The editorials also seem to imply that to be constitutional an obscenity statute must list out, on its face, all of the constitutional requirements of the Supreme Court’s decision in Miller v. California—including that the material must be patently offensive and appeal to prurient interests. But that is not the law at all. Indeed, the federal obscenity statutes upheld in Miller and its progeny simply use the word “obscene,” exactly like the statute that the House of Representatives just passed. Take a look, for example, at 18 U.S.C. § 1461, which provides that “[e]very obscene, lewd, lascivious, indecent, filthy or vile article, matter, thing, device, or substance . . . [i]s declared to be nonmailable matter and shall not be conveyed in the mails or delivered from any post office or by any letter carrier.” In Hamling v. United States, 418 U.S. 87, 105, 113 (1974), the Supreme Court upheld that statute and specifically rejected an argument that it was unconstitutional because it failed to spell out the entire obscenity standard from Miller. The Court explained that it never intended the Miller case to be a “legislative drafting handbook” and made clear that it would “construe federal statutes dealing with obscenity to be limited to material such as that described in Miller.” Brockett v. Spokane Arcades, Inc., 472 U.S. 491, 505 n.13 (1985), is to the same effect.

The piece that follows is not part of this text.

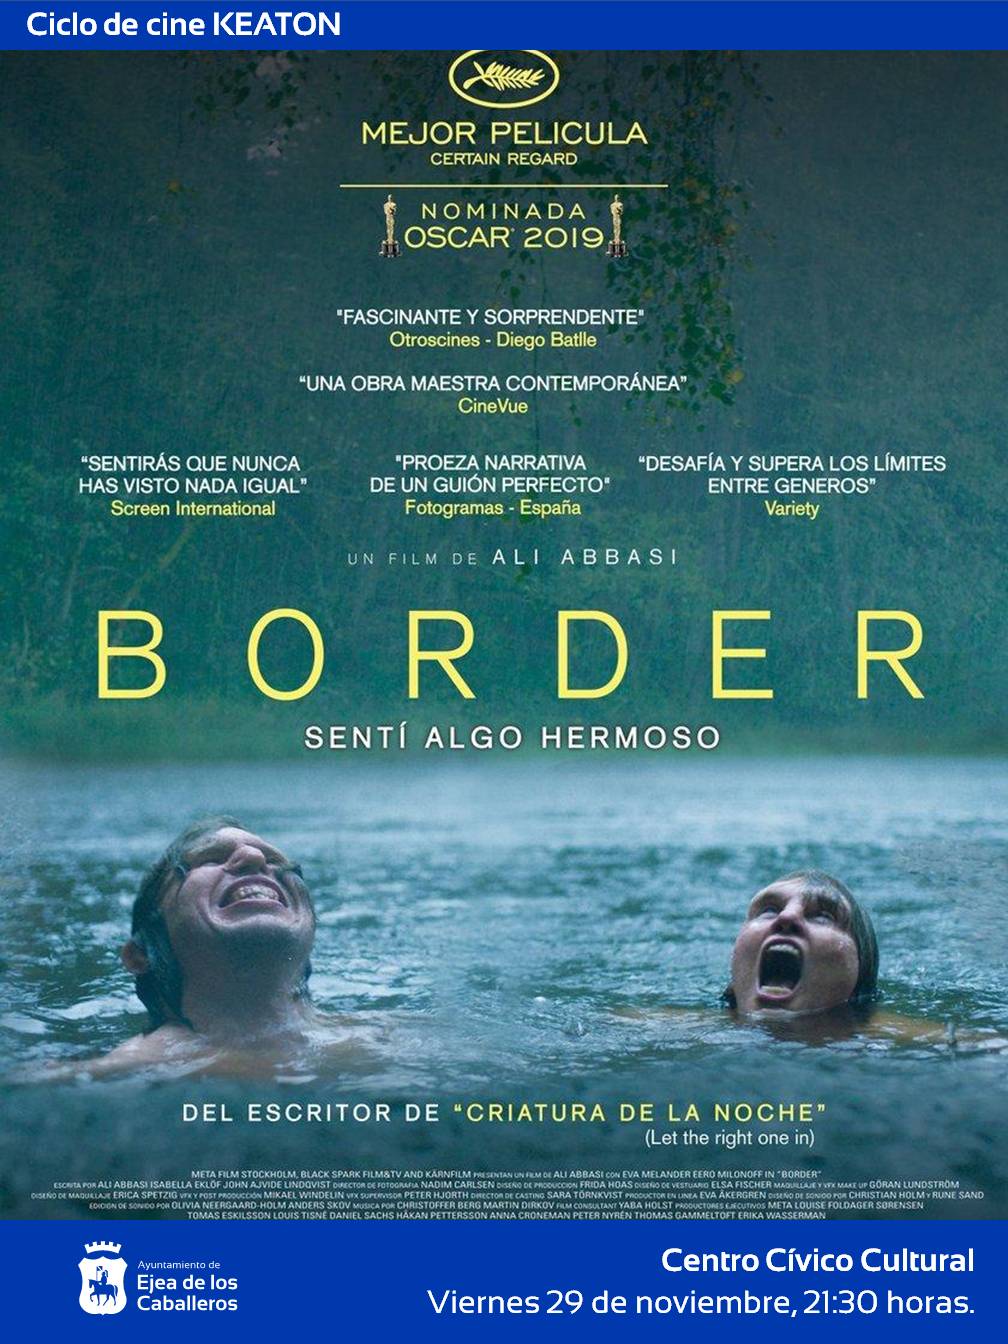 En este momento estás viendo Cine Keaton: “Border”, una película de cine fantástico que reflexiona sobre la identidad y el miedo a la diferencia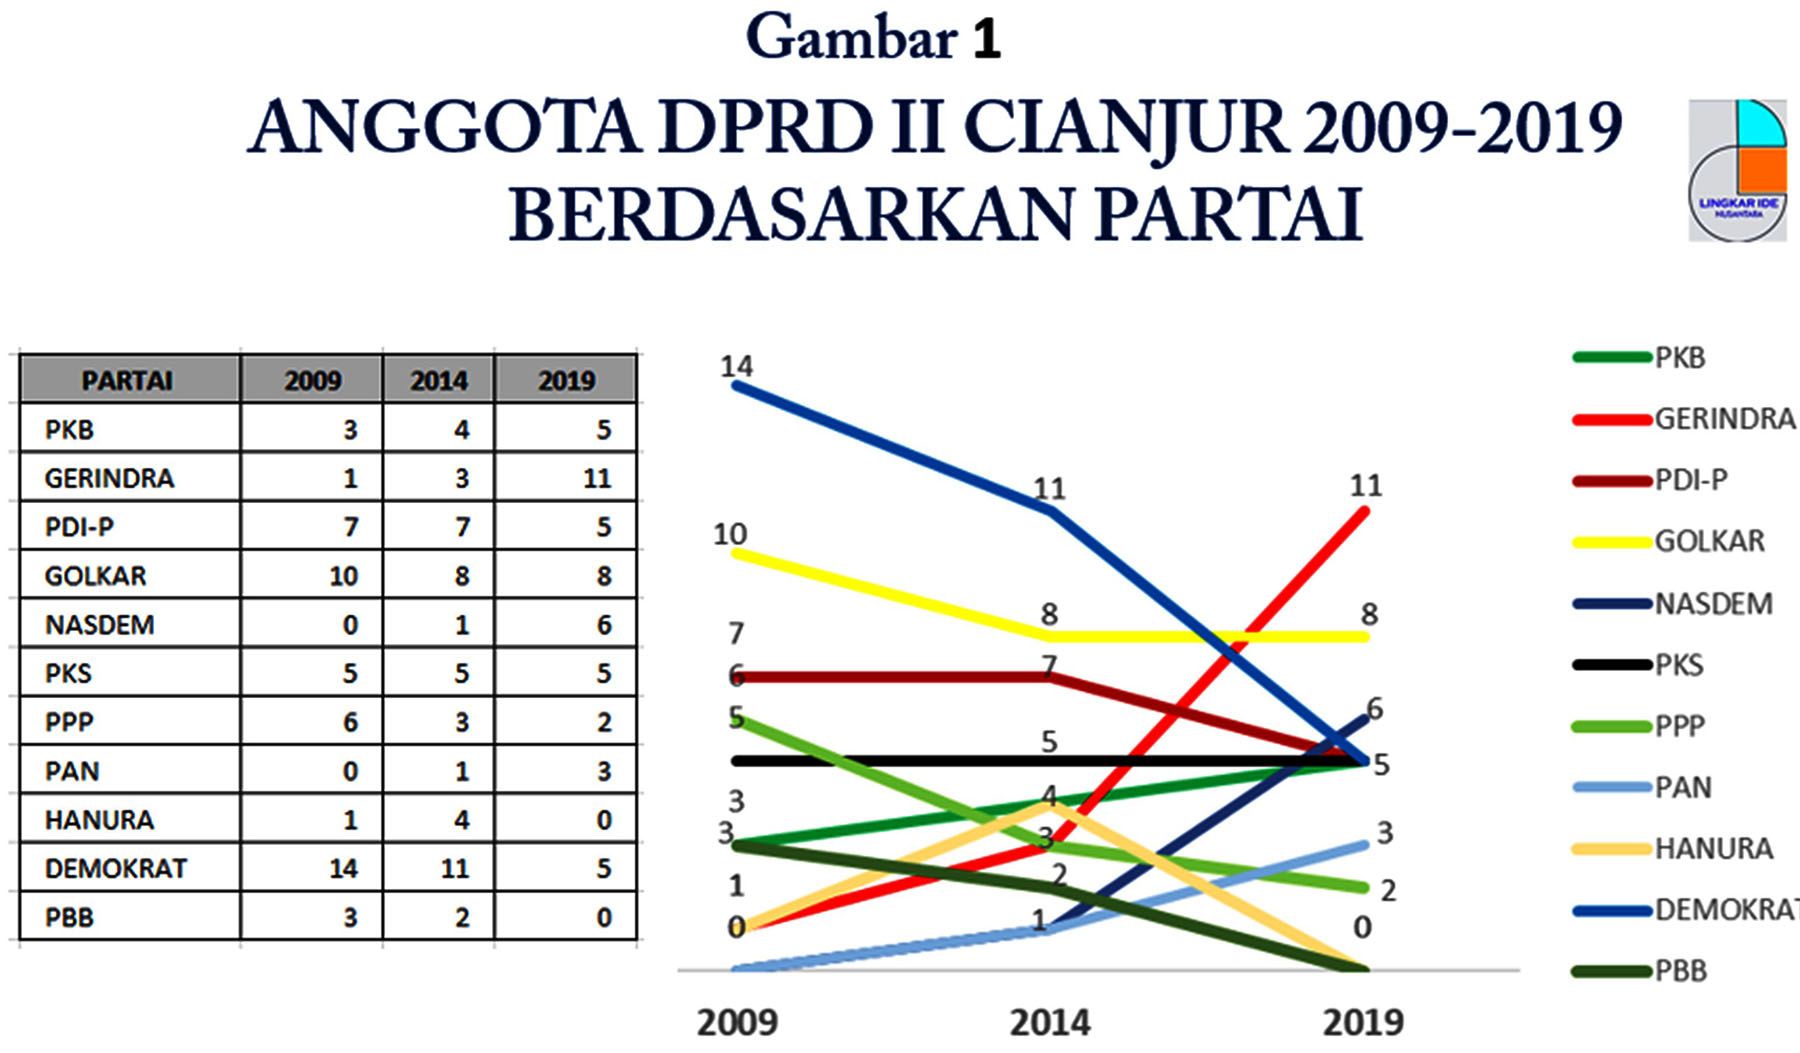 Naik-turun suara dan kursi partai di DPRD Cianjur 2009-2019

Moreover, in Ward v. Illinois, 431 U.S. 767 (1977), the Court specifically held that obscenity is not limited solely to depictions of actual sexual intercourse. As the Court explained in Ward, the defendant “appear[ed] to assert that sadomasochistic materials may not be constitutionally proscribed because they are not expressly included within the examples of the kinds of sexually explicit representations that Miller used to explicate the . . . obscenity definition.” 431 U.S. at 773. The Court rejected that argument, noting that the “examples” used in Miller “were not intended to be exhaustive.” Id. The Court also pointed out that in Mishkin v. New York, 383 U.S. 502 (1966), it had found sado-masochistic materials that did not depict actual sex acts to be obscene. The materials in Mishkin included “drawings of scantily clad women being whipped, beaten, tortured, or abused,” Mishkin, 383 U.S. at 505.
If images of scantily clad women being whipped, beaten, tortured, or abused can be obscene—even absent any actual depiction of sex acts—then surely images of scantily clad women crushing to death live animals for the sexual excitement of men can be obscene as well. The New York Times and L.A. Times editorials have entirely too narrow an understanding of the traditional obscenity doctrine that those papers claim to be defending.
The House of Representatives was very careful here and wrote a statute that is not only narrow in application but also plainly constitutional.